Deneyin masraflarını yüklenerek tekrarlanması için Montgolfier kardeşleri
Paris'e çağırdı; bir yandan da uzmanları deneyin ayrıntılarını hazırlamakla
görevlendirdi. Jeolog Faujas de Saint-Fond deneye katılma kaydı açtı;
yapımcı Anne-Jean Robert (1758-1820) balonun imalini ele aldı; tanınmış Fizikçi
Jacques Charles (1746-1823) de girişimin bilimsel yönetimine atandı.
Özellikle gazların genleşmesi konusunda incelemeler yapmış olan Jacques
Charles yalnız meslektaşlarının saygıyla eğildikleri bir bilim adamıydı. Uçan
bir makine meydana getirme işiyle görevlendirildiğinde, bilimsel bir ruhla işe
koyuldu ve sıcak hava yerine hidrojeni kullanmaya karar verdi. Ne yazık ki,
Robert'in Mariot Kanunundan haberi olmadığından kusursuz bir küre biçimi
vermek için balonu iyice doldurdu. 27 Ağustos 1783'te, Paris halkının yarısının
toplandığı Champ-de-Mars'da toplar atılmaya başladı. Bu işaretle havalanan
balon, bir anda 1.000 metreye yükselip bulutların arasında kayboldu. İnsan
zekâsının bu 'mucize'si karşısında kalabalık bağırıyor, haykırıyor,
kucaklaşıyor, ağlaşıyordu. ne var ki, balon yükseğe çıkınca aşırı gerilmiş,
patlamış ve Paris' ten yirmi kilometre uzağa düşmüştü. Bu sırada Etienne
Montgolfier de, Paris'e gelmiş ve Montgolfiere imal etmeye başlamıştı. Bu yine
küre biçiminde, altın renkli işlemelerle süslü mavi bir balondu. Altına bir
kafes asarak içine bir koyun, bir horoz, bir de kaz koydukları balonu Versay
sarayında kral, kraliçe ve saray mensupları önünde salıvermeye karar verdiler.
Kararlaştırılan zamandan üç saat önce, sarayın parkları ve civar sokaklar
görülmemiş bir kalabalıkla dolmuştu. Saat ikide halatlar kesildi ve
balon 'yolcularını' alarak havalanmaya başladı. On dakika sonra da Vaucresson
koruluğuna indi.
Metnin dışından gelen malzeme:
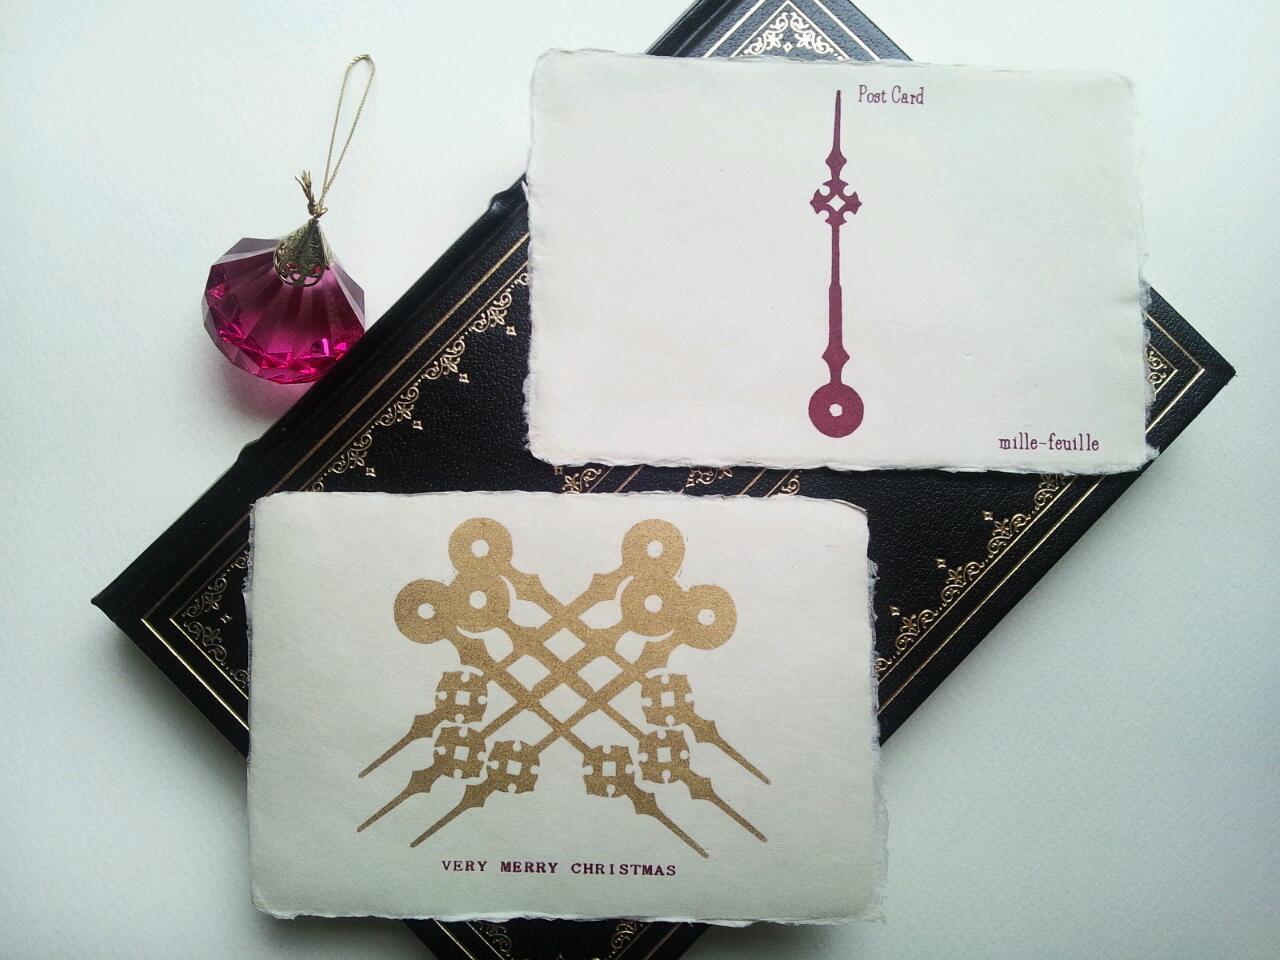 【ポストカード】ベリー・メリー・クリスマス

Herkes hayvanların yolculuğu nasıl geçirdiklerini öğrenmek için
oraya koşuştu. Hedefe ilk varan Pilatre de Rozier, kafesi açınca hayvanlar sağ
salim dışarıya fırladılar. Böylece atmosferin yüksek tabakalarının canlılar için
solunuma elverişsiz olmadığı da kanıtlanmış oldu.. Bu gözlem gözü pek bir insan
olan Pilatre'i çok heyecanlandırmıştı. İnsanların önlerinde açılan bu yepyeni
egemenlik alanının kâşiflerinden yalnız hayvanlar olmasına gönlü razı
gelmiyordu. Bu yeni dünyayı insan keşfe çıkmalı ve bu kişi de kendisi olmalıydı.
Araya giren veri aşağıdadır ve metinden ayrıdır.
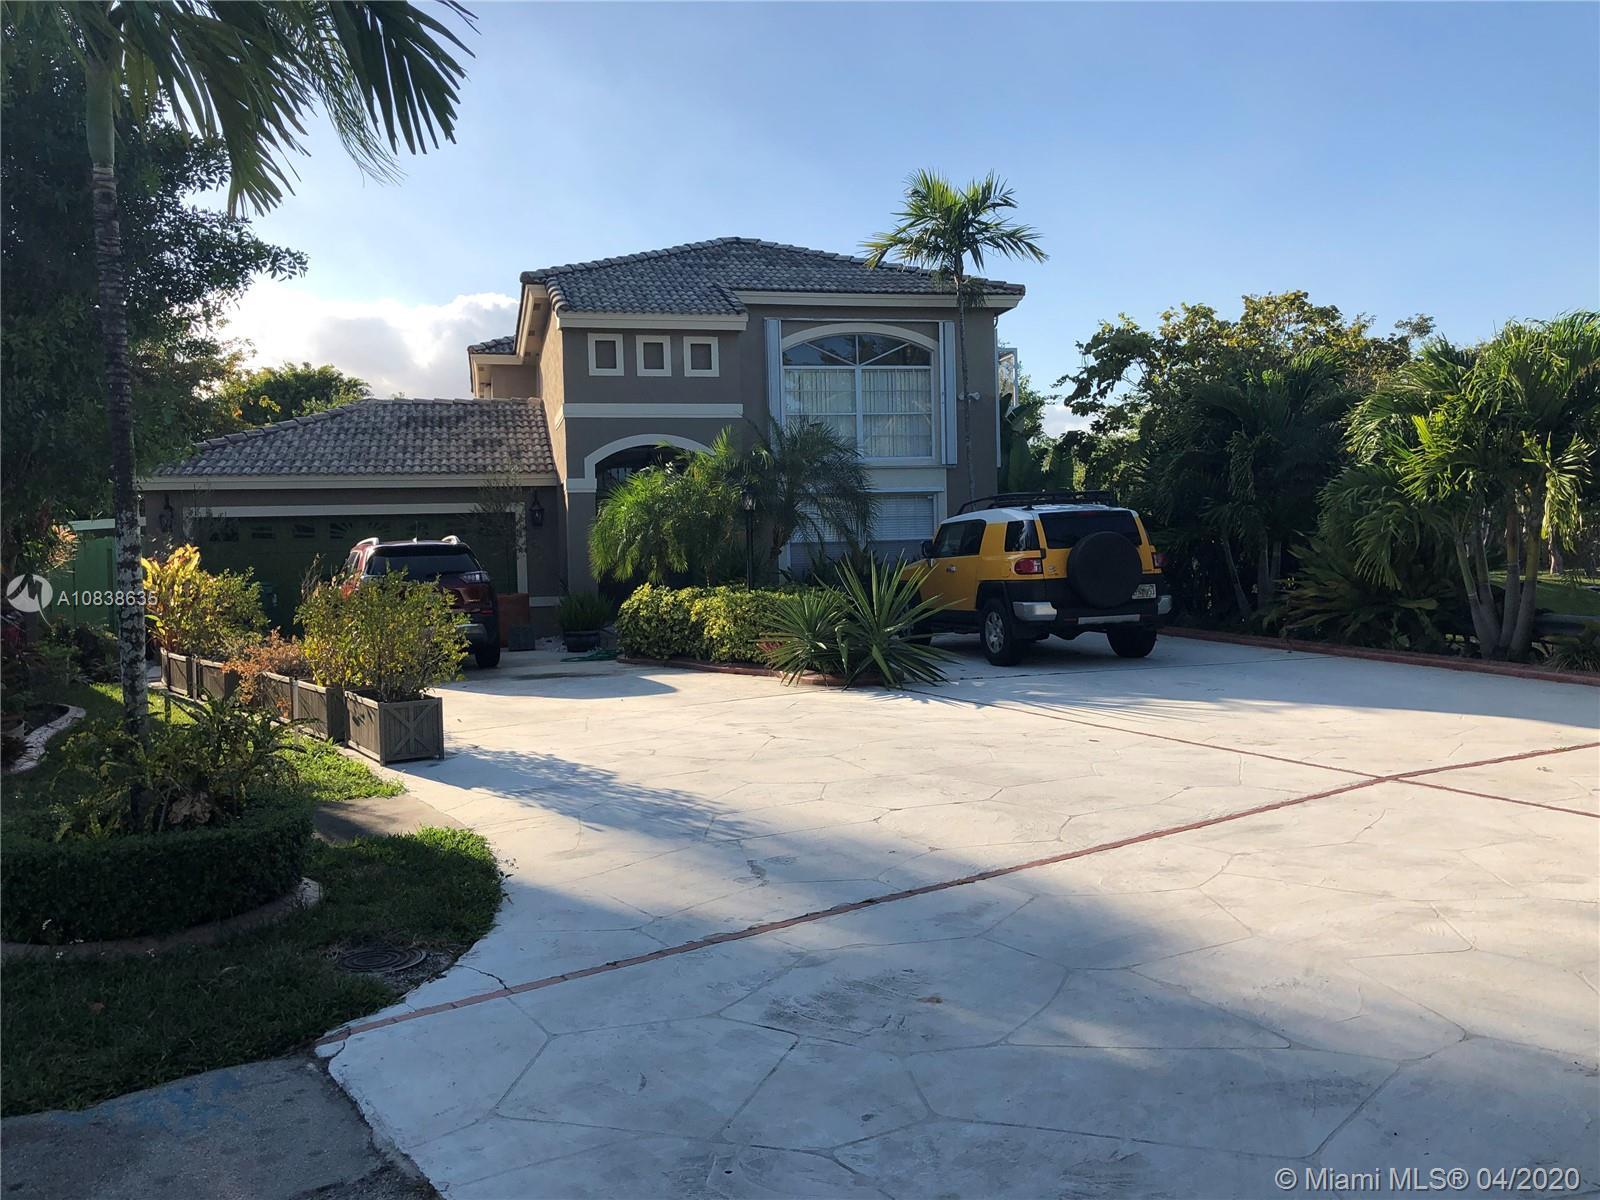 7770 SW 161st Pl, Miami, FL 33193

Pilatre yalnız gözünü budaktan sakınmaz kişi değil, aynı zamanda bir
bilim adamıydı da. Montgolfierler onun verdiği ölçüler üzerine, 20 metre
yüksekliğinde 16 metre çapında bir balon imal etmeye koyuldular. Sıcak havanın
girdiği alt deliğin ağzına sorgun ağacından küçük bir bölme eklediler. Ocağı
meydana getirecek olan saman yığınını buraya doldurdular. Deney günü yaklaştıkça
sorumlu kişileri bir korkudur alıyordu. Bir insanın kendisini böyle çılgınca bir
tehlikeye atmasına izin verilecek miydi? XVI. Louis, Kurban olarak insan
verilmek isteniyorsa, ölüme mahkum kişileri koşsunlar bu işe! diye emretti.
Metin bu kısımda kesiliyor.